One big reason I divorced my first wife (though hardly the only reason) is that she sucked in bed, had a shitty attitude about sex (was sex-negative) and engaged in sex-shaming (of me) to get me to stop asking for better sex. Having wasted my prime sexual years (20s) already being faithful to a complete dud, I decided I had just one life to life and I was going to get laid by someone who wanted to have good sex with me. So so so stupid..should have ditched nearly a decade earlier. I thought we could 'work on it' and 'things would improve'. Never ever marry anyone with a hope or expectation they will 'improve'. Be happy with as they are right now, and if you have any expectation of changes, expect them to be for the worse.

Anonymous wrote:How many of you think you are good in bed and what constitutes being good bed?


I think I am very good in bed. I have a slightly above average tool, but more than that, I know how to use my fingers, hands, mouth, lips and no matter what tool I'm using, I know how to pay attention to how my partner is reacting. It's really not hard to be good in bed. Pay attention. If your partner isn't getting excited and wound up, you're not doing it right. Don't look at porn...touch them, gently at first, and then when you see you're doing something that works, do it more intensely (until they show signs that it's too intense). Pay attention.

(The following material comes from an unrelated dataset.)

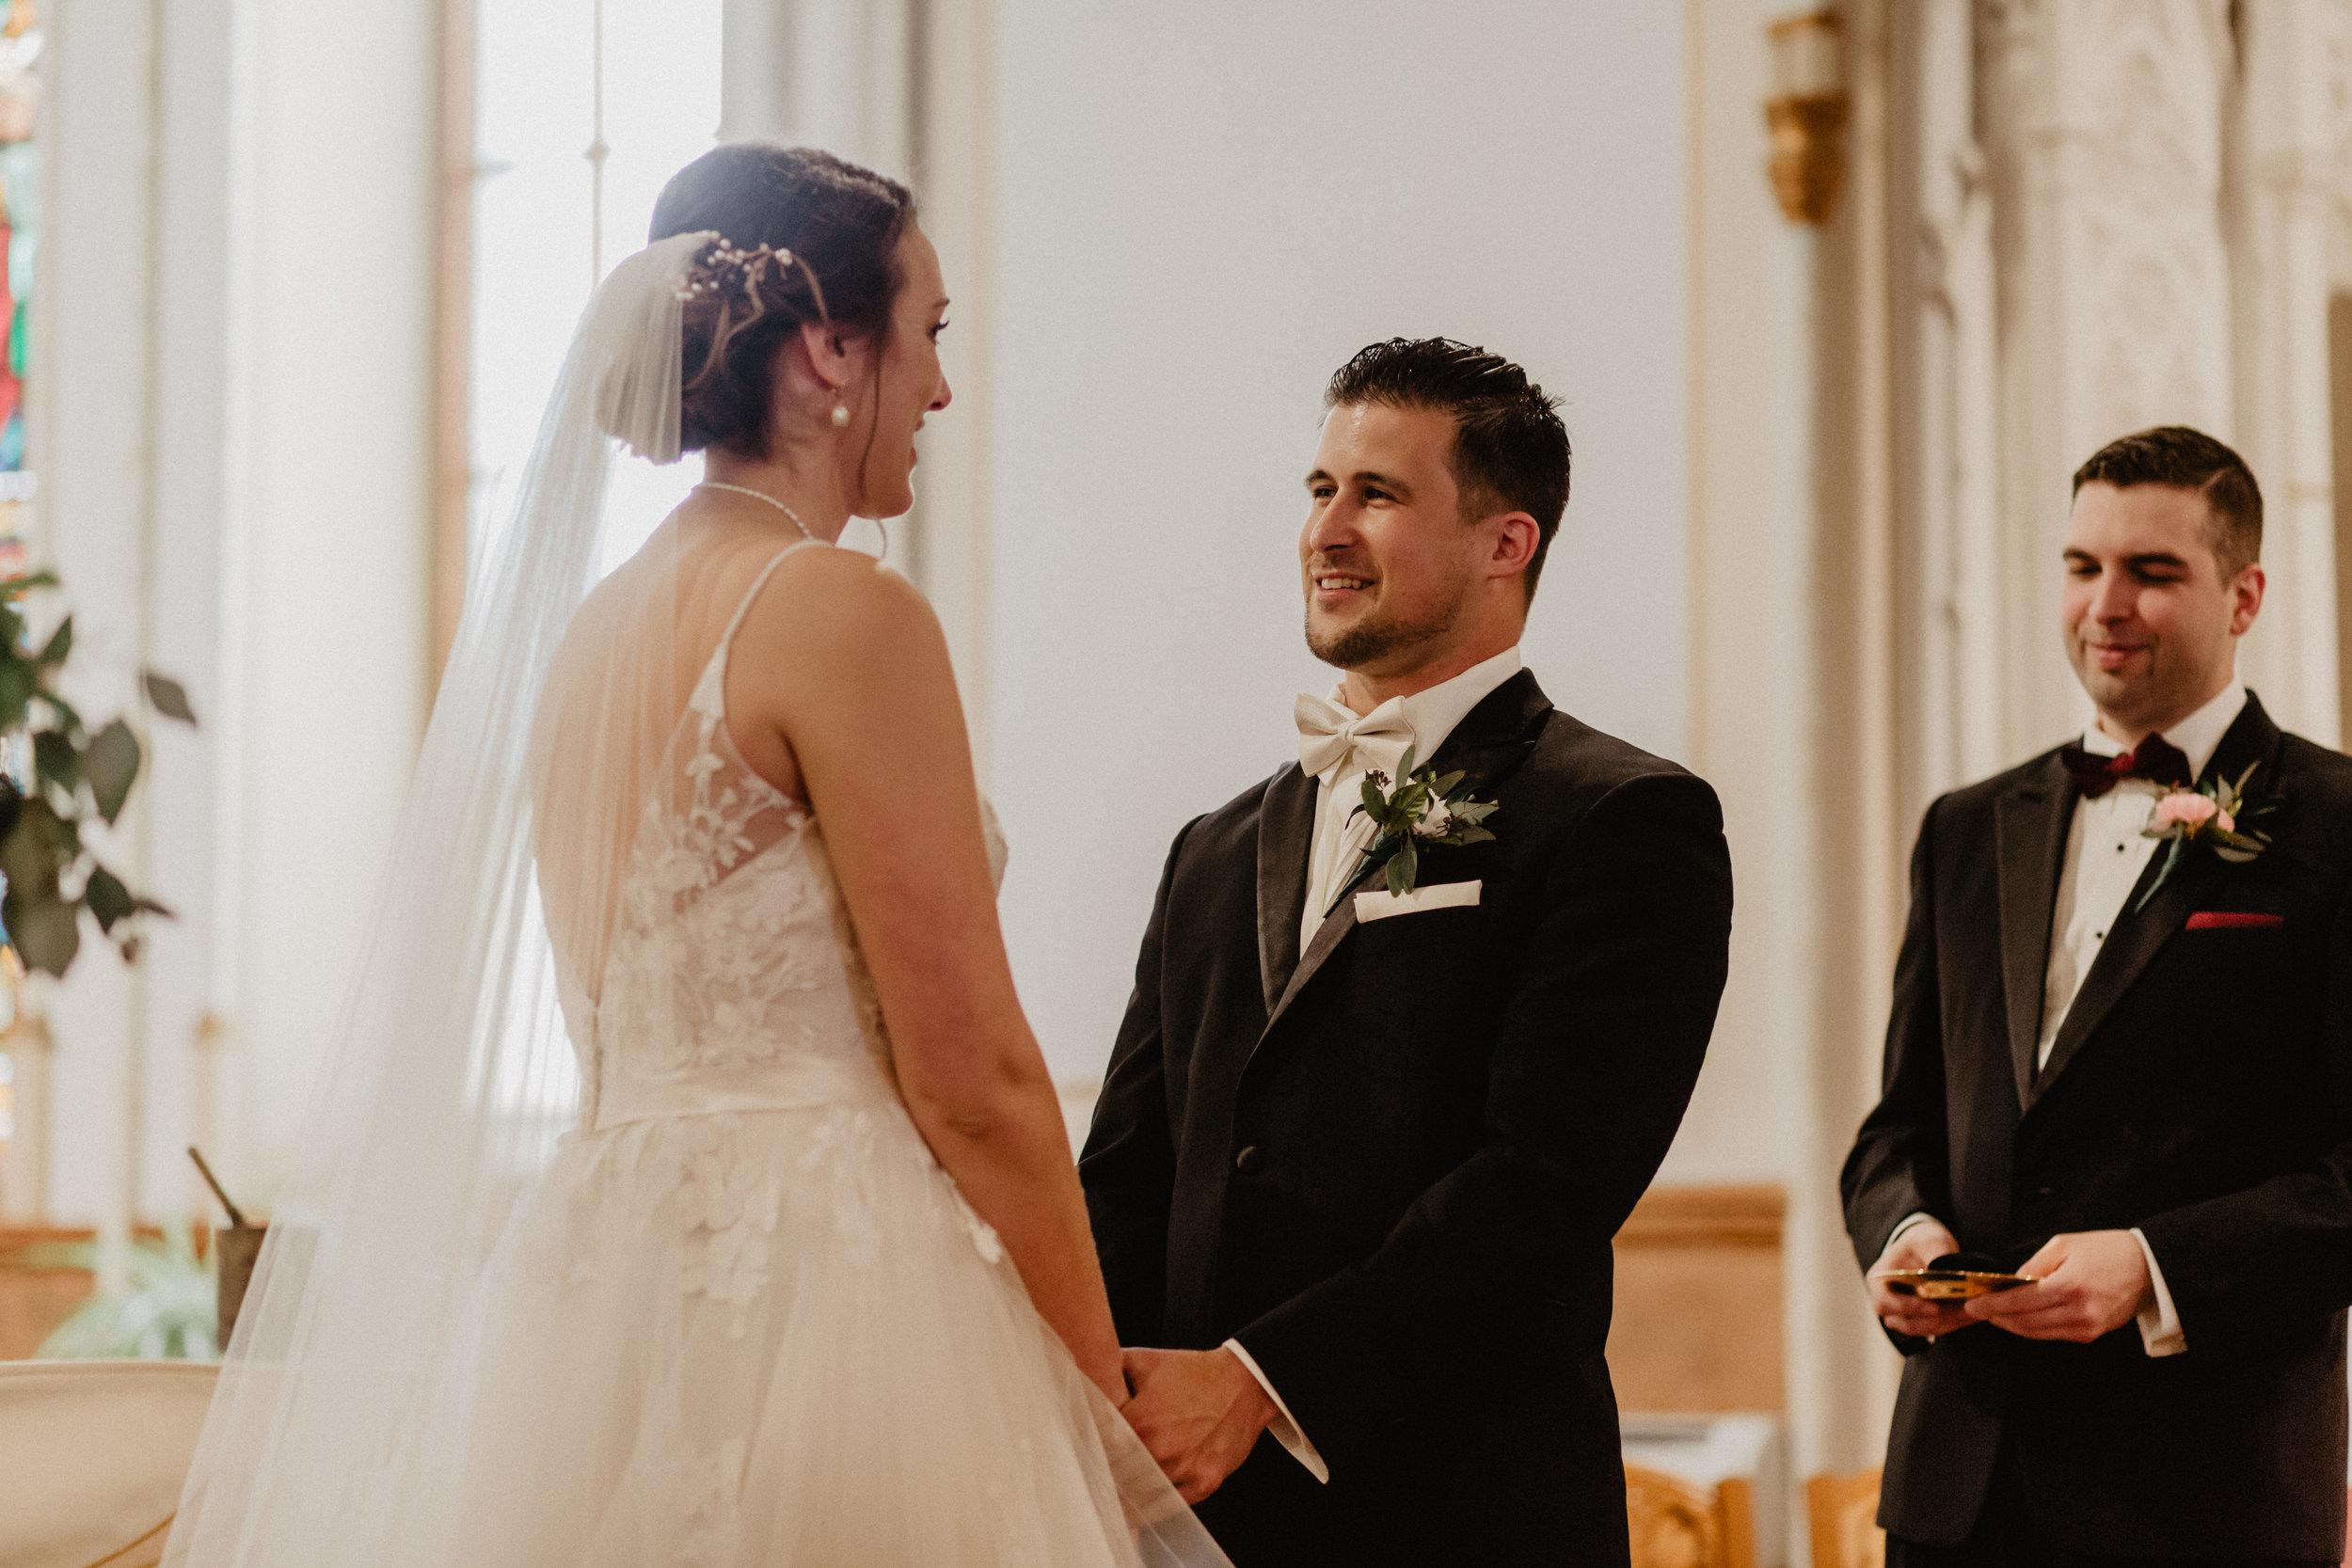 upstate_ny_wedding-29.jpg

Don't be completely selfish. You should both be a little selfish but you should take turns being selfish.
Anonymous
I don't think being generous has been mentioned.
Anonymous
I'm honest. If I liked something, I say so and will ask for it again. If I don't like it, I give constructive feedback.

I have a good sense of humor. Sex can be funny sometimes.

I'm present. I don't think about the laundry or that I really ought to do more sit ups.

Other than that, I say no if I can't be enthusiastic. I'm clean and have a healthy natural scent. I enjoy pleasing him.

Anonymous
Anonymous wrote:DH sucks in bed. He has a soft-out right limp dick.
He doesn't like anything out of the ordinary
He prefers to be on top

No idea why I married him.

I had more sex in 5 years of activity tad compared to since meeting my DH. Together almost 20 years!

PreDH, I loved giving BJs, watching porn, getting naked just about anywhere, making out, sex on the beach- living life really,

With DH I "matured" and my light began to fade. But like anything, you can't deny who you are. I still attract both sexes, am actively hit on, but I don't ever act. But, man oh man, some people really take me back, in theory, to my good 'ol days.